E. J. "Jake" Garn, Chairperson
Robert H. Daines
Joel C. Peterson

        THE BOARD OF DIRECTORS UNANIMOUSLY RECOMMENDS THAT THE SHAREHOLDERS VOTE IN FAVOR OF THE PROPOSAL TO RATIFY THE SELECTION OF KPMG LLP AS INDEPENDENT AUDITORS FOR THE COMPANY FOR THE FISCAL YEAR ENDING AUGUST 31, 2004.

OTHER MATTERS

        As of the date of this Proxy Statement, the Board of Directors knows of no other matters to be presented for action at the meeting.

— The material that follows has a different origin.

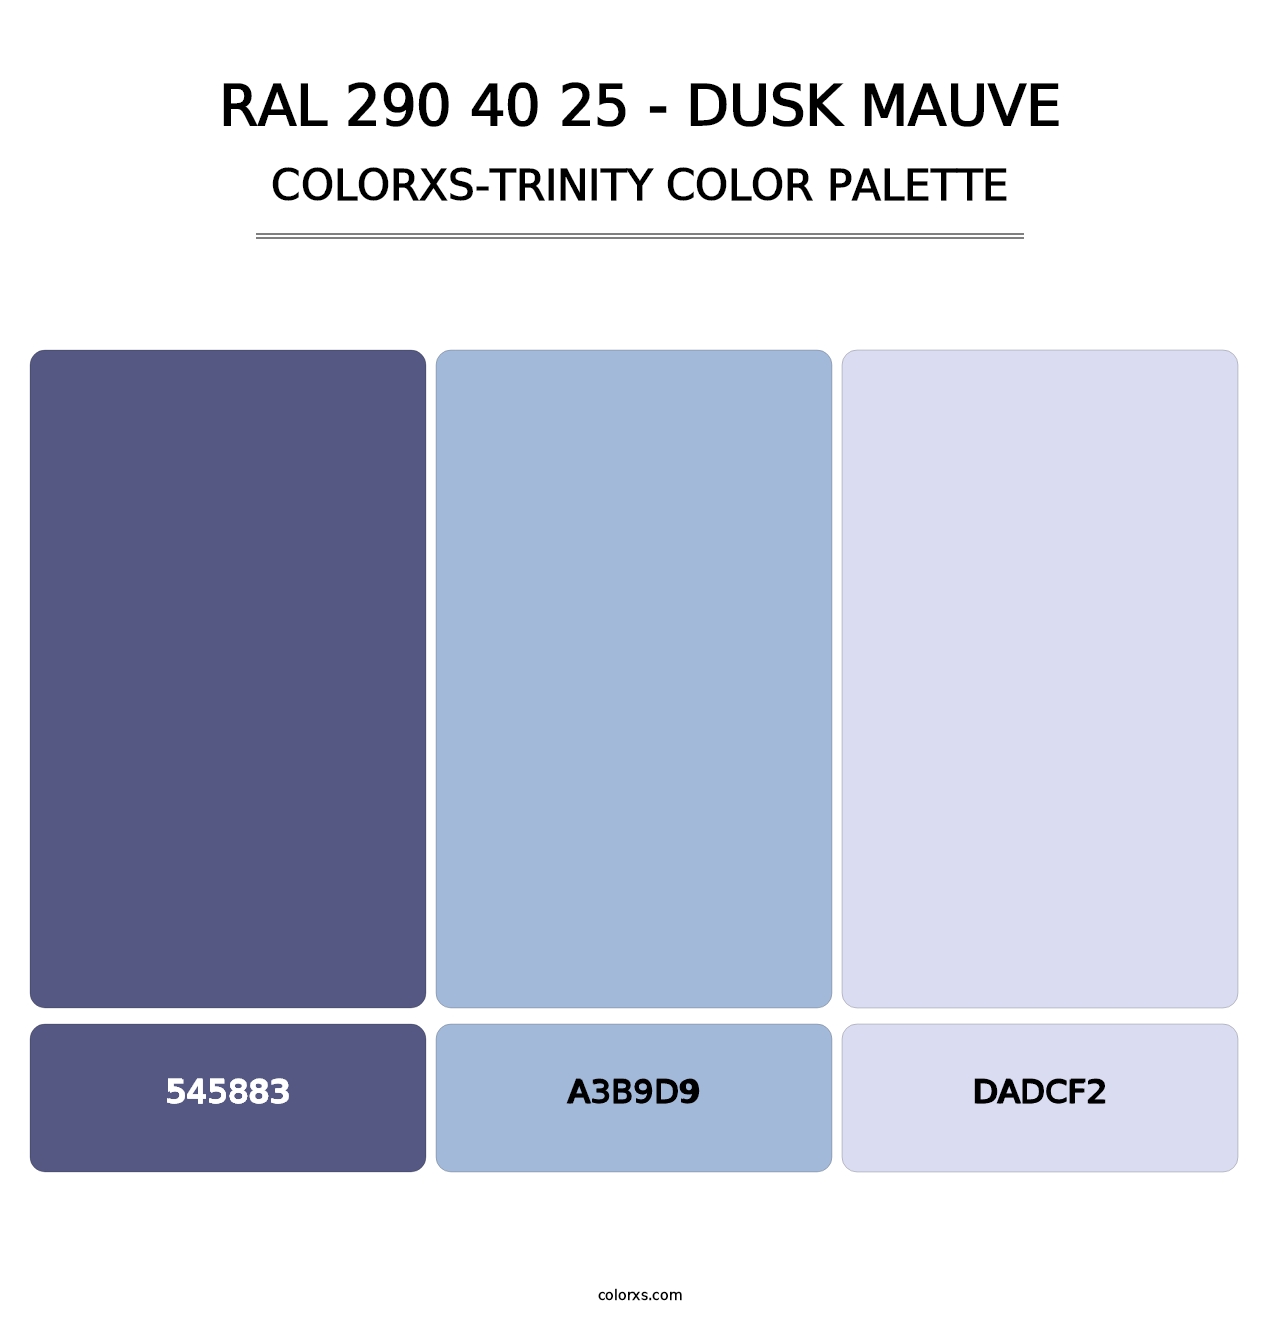 RAL 290 40 25 - Dusk Mauve - Colorxs Trinity Palette
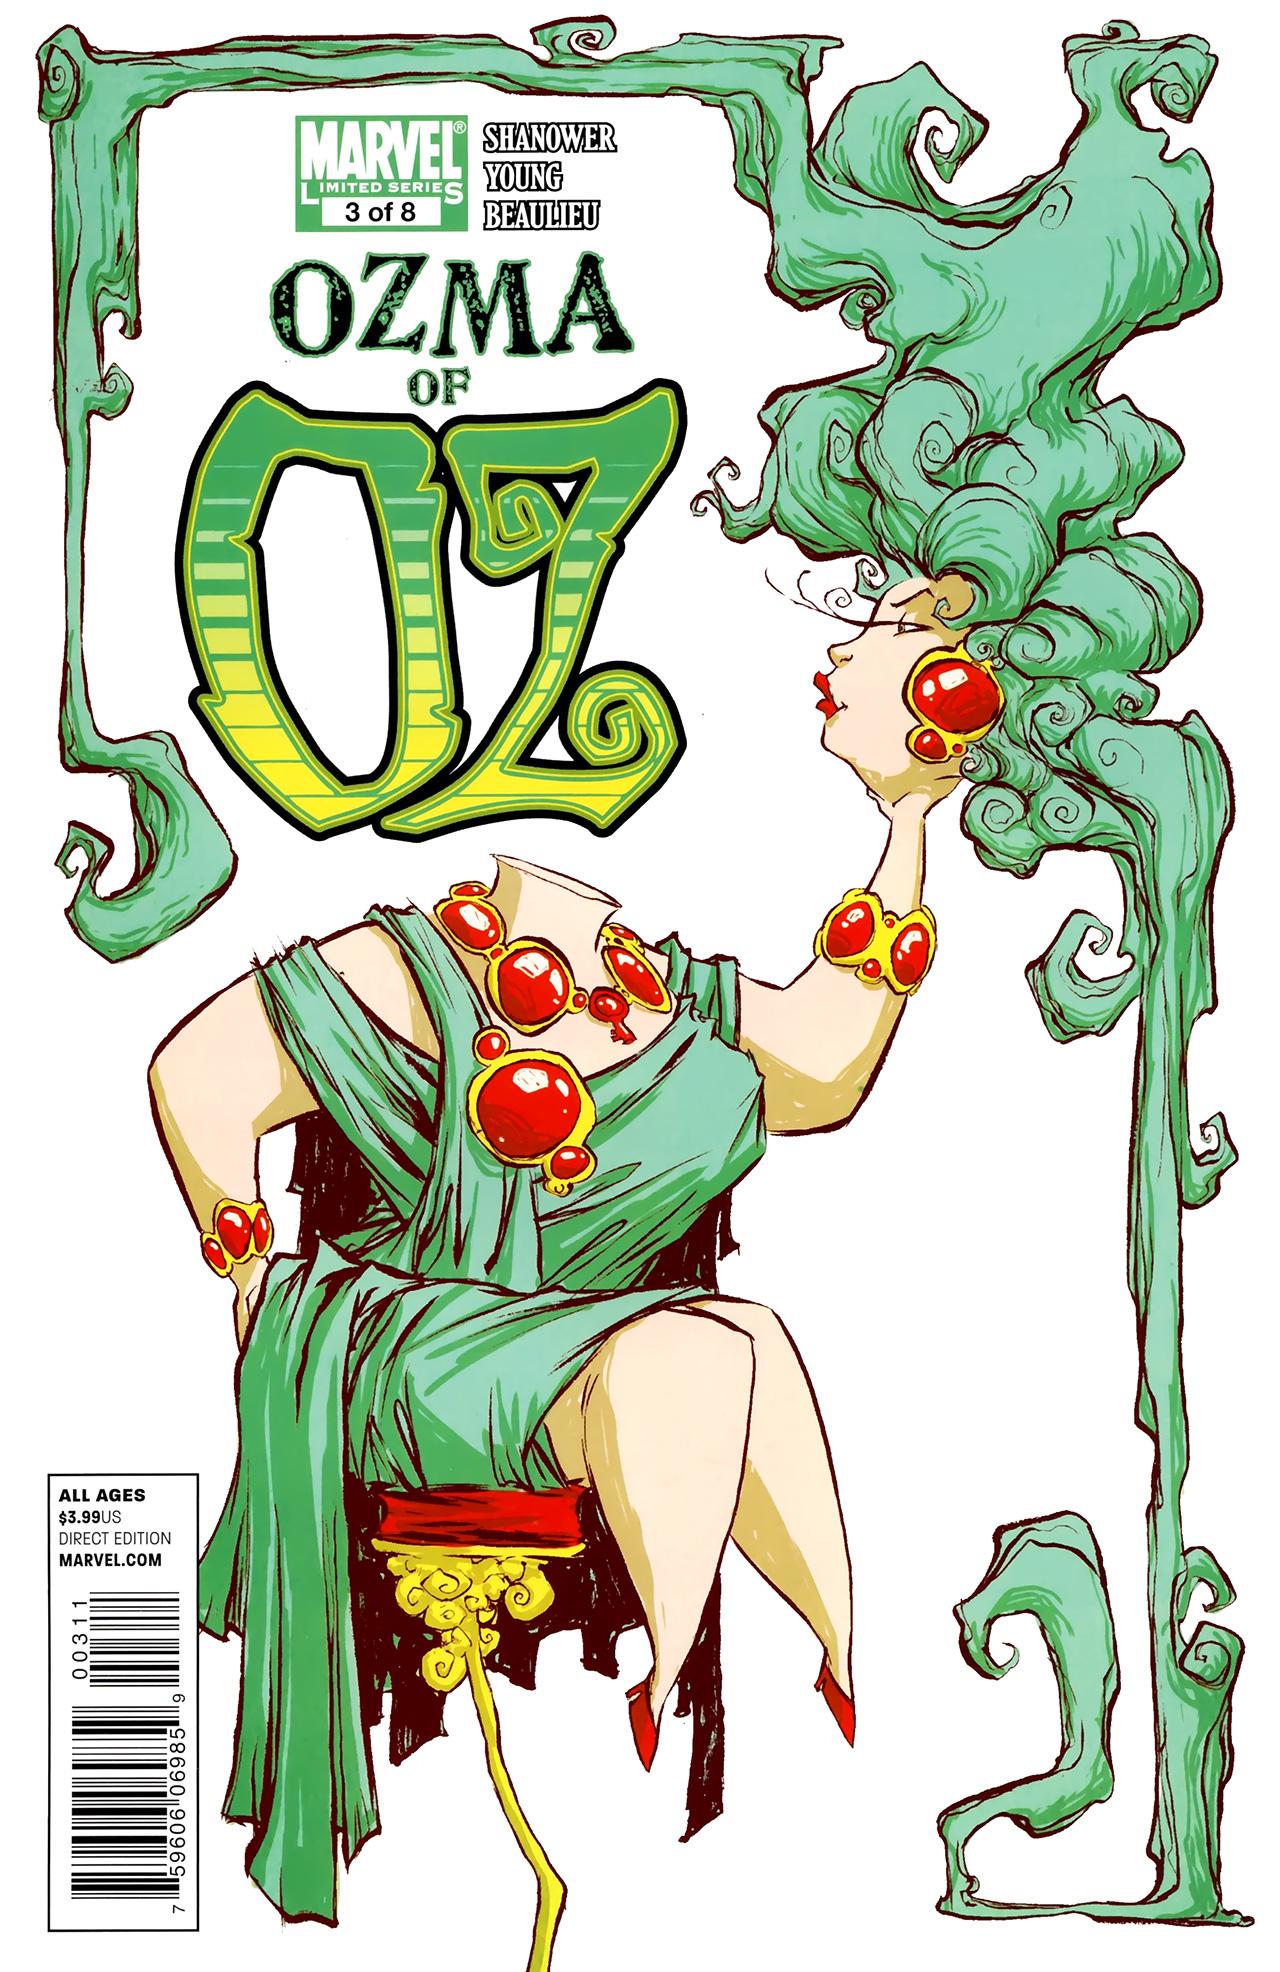 Ozma of Oz Vol. 1 #3

However, if any further business should properly come before the meeting, the persons named as proxies in the accompanying form will vote on such business in accordance with their best judgment.

PROPOSALS OF SHAREHOLDERS

        Proposals which shareholders intend to present at the annual meeting of shareholders to be held in calendar 2005 must be received by Val John Christensen, Executive Vice President, Secretary and General Counsel of the Company, at the Company's executive offices (2200 West Parkway Boulevard, Salt Lake City, Utah 84119-2331) no later than August 15, 2004.

ADDITIONAL INFORMATION

        FranklinCovey will provide without charge to any person from whom a Proxy is solicited by the Board of Directors, upon the written request of such person, a copy of the Company's 2003 Annual Report on Form 10-K, including the financial statements and schedules thereto (as well as exhibits thereto, if specifically requested), required to be filed with the Securities and Exchange Commission. Written requests for such information should be directed to Franklin Covey Co., Investor Relations Department, 2200 West Parkway Boulevard, Salt Lake City, Utah 84119-2331, Attn: Mr. Richard Putnam.


APPENDIX A

Franklin Covey Co.
Audit Committee Charter
Adopted November 8, 2002
Duties and Responsibilities of the
Audit Committee

Purpose

The Audit Committee (the "Committee") of the Board of Directors (the "Board") of Franklin Covey Co. (the "Company"), at the direction of the Board, oversees the quality and integrity of the accounting, auditing, and reporting practices of the Company, and such other duties as directed by the Board. The Committee focuses on, among other things, the qualitative aspects of the Company's (a) financial statements, (b) processes to manage business and financial risk, (c) internal audit procedures and performance of the independent auditor, and (d) compliance with legal, ethical, and regulatory requirements. The Committee appoints, determines compensation for, and oversees the independent auditor engaged to prepare or issue audit reports on the financial statements of the Company. The Committee prepares all Committee reports required pursuant to the Securities and Exchange Commission's ("SEC") rules and regulations.

Membership

The Committee shall consist of at least three members appointed by the Board who shall serve until their successors are appointed and qualify. Each member shall be an independent director who is knowledgeable in financial and auditing matters, with at least one member who has expertise in accounting or related financial management. A member shall be deemed "independent" if he or she satisfies the requirements of the New York Stock Exchange (NYSE) and Section 10A of the Securities Exchange Act of 1934, as amended by the Sarbanes-Oxley Act of 2002 (the "Act"). The chairperson of the Committee (the "Chairperson") shall be appointed by the Board pursuant to its bylaws.

Communications/Reporting

The independent auditor shall report directly to the Committee. The Committee shall have unrestricted communication with the independent auditor and the Company's internal auditors and management. The Committee shall meet privately with each of these parties at least annually. The chairperson shall report on Committee activities to the Board at each Board meeting.

Education

The Company shall keep the Committee informed, including providing such educational resources as the Committee or any of its members deems necessary and appropriate, as to accounting principles and procedures, laws, regulations and policies regarding financial reporting and any other accounting topics applicable to the Company.

Authority

The Committee has the authority, without Board approval, to investigate any matter it deems reasonably appropriate, and may, at the Company's expense, retain outside counsel or other experts for this purpose.

Responsibilities

The Audit Committee Responsibilities Checklist set forth below ("Checklist") identifies the specific responsibilities of the Committee. The Checklist will be updated as needed, but at least annually, to reflect changes in regulatory requirements, authoritative guidance, and generally accepted audit committee practices. Each Checklist, when amended, will be deemed an addendum to this Charter.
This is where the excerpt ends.